Институт, которым руководит наш собеседник, — это 11 лабораторий, возглавляемых учеными, которых можно встретить как в коридорах СПбГУ, так и в ведущих научных центрах США, Китая, Швеции, Великобритании. Сам Рауль Радикович больше десяти лет работал вместе с американским ученым Робертом Лефковицем, получившим Нобелевскую премию за открытие класса рецепторов, которое стало прорывом в области фармакологии. А сейчас, полагает профессор Гайнетдинов, мы на пороге «новой волны на рынке лекарств».

И Россия, кажется, может застолбить себе там место.

У нашего гостя мы узнали, отчего растет число психических расстройств, как компьютер приводит к депрессии и почему в России ученому иногда работать комфортнее, чем на Западе.

— Рауль Радикович, эти новые потенциальные лекарства как-то связаны с открытием нобелиата Лефковица? И как, кстати, вам с ним работалось?

— Когда я работал с ним в Университете Дьюка, Боб еще не был лауреатом. Он получил премию в 2012 году, когда я уже был в Италии...

— ...но получил он премию за исследования, которые и вы в его лаборатории проводили...
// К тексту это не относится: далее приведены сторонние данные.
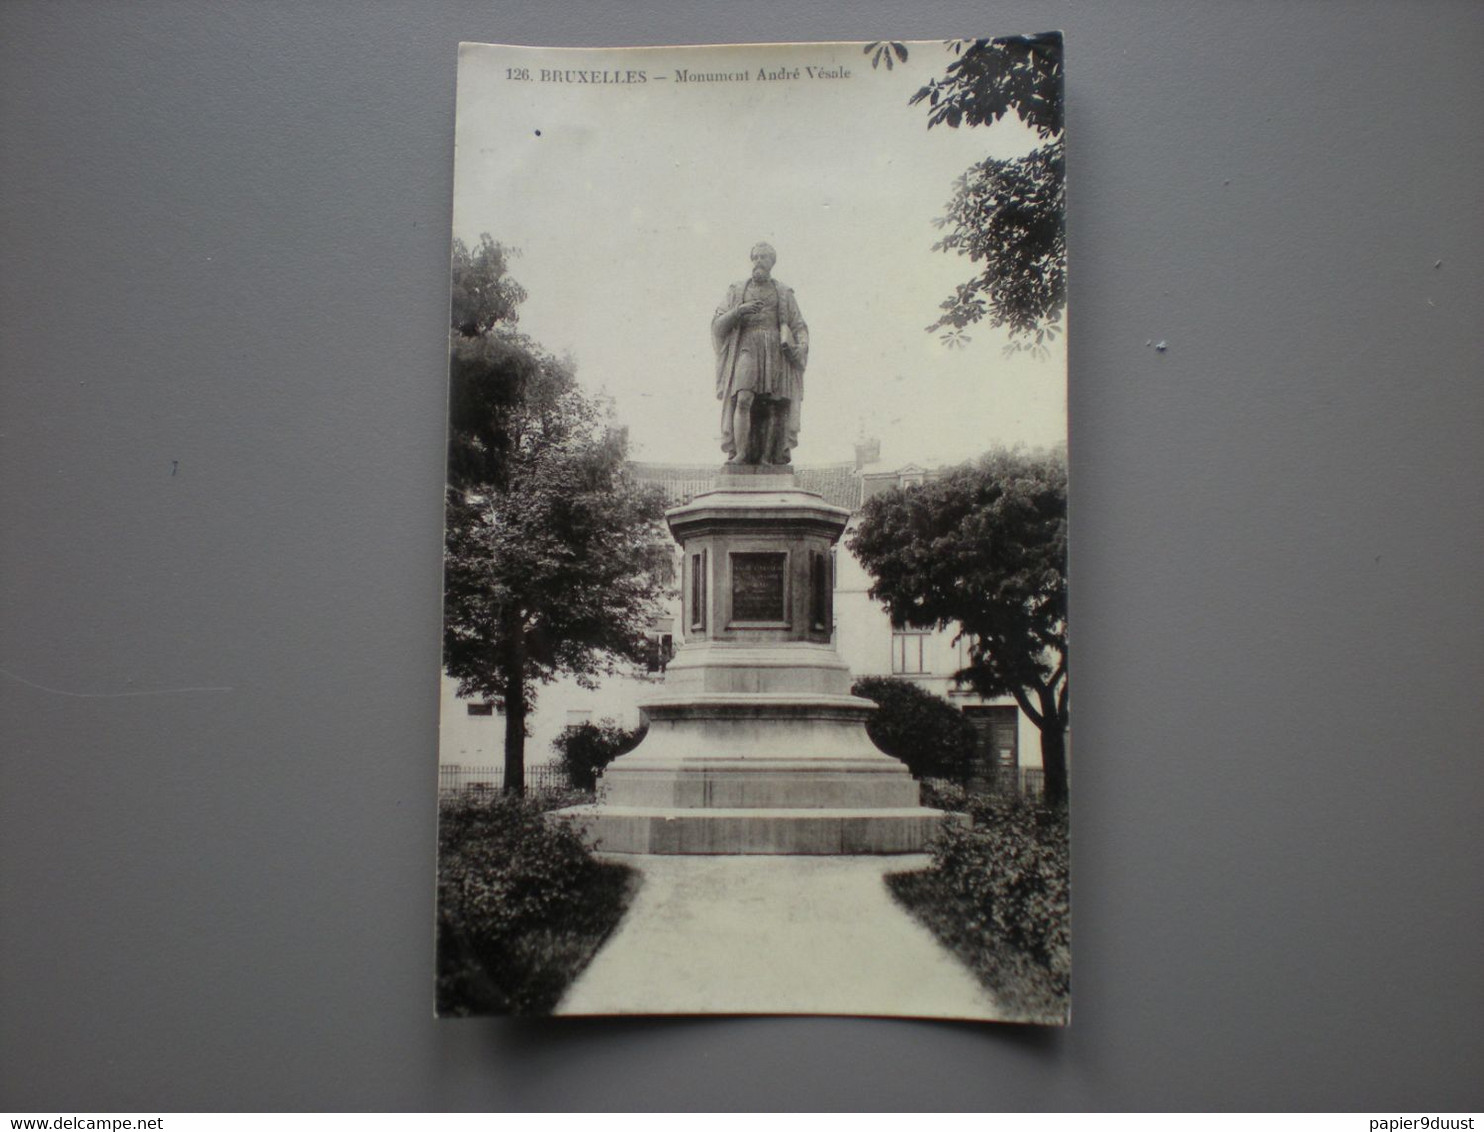 BRUXELLES - MONUMENT ANDRE VESALE - ED. GRAND BAZAR ANSPACH N° 126 - CARTE PHOTO - Non Classés

— Лефковиц открыл в 1971 году со своим учеником Марком Кароном (он был моим непосредственным боссом) рецептор, через который работает адреналин и норадреналин. Да еще нагло заявил, что это только первый рецептор из множества. И оказался прав: сегодня таких рецепторов открыто 823: обонятельные, вкусовые, опиоидные, дофаминовые, серотониновые, гистаминовые, адренергические... 40% лекарств на рынке либо активируют эти рецепторы, либо их блокируют.

Я когда приехал в США в 1996 году, и не осознавал, что Боб — отец этой огромнейшей тематики. Помню, Университет Дьюка тогда пребывал в некоторой печали: всем было понятно, что Лефковиц достоин Нобелевской, но еще в 1994 году в сходной области уже была дана премия по физиологии и медицине и рассчитывать на то, что дадут еще раз по близкой тематике, не приходилось. Боб не отчаивался, продолжал работать. И получил в итоге Нобелевскую, но по химии, с другим своим учеником, Брайаном Кобилкой.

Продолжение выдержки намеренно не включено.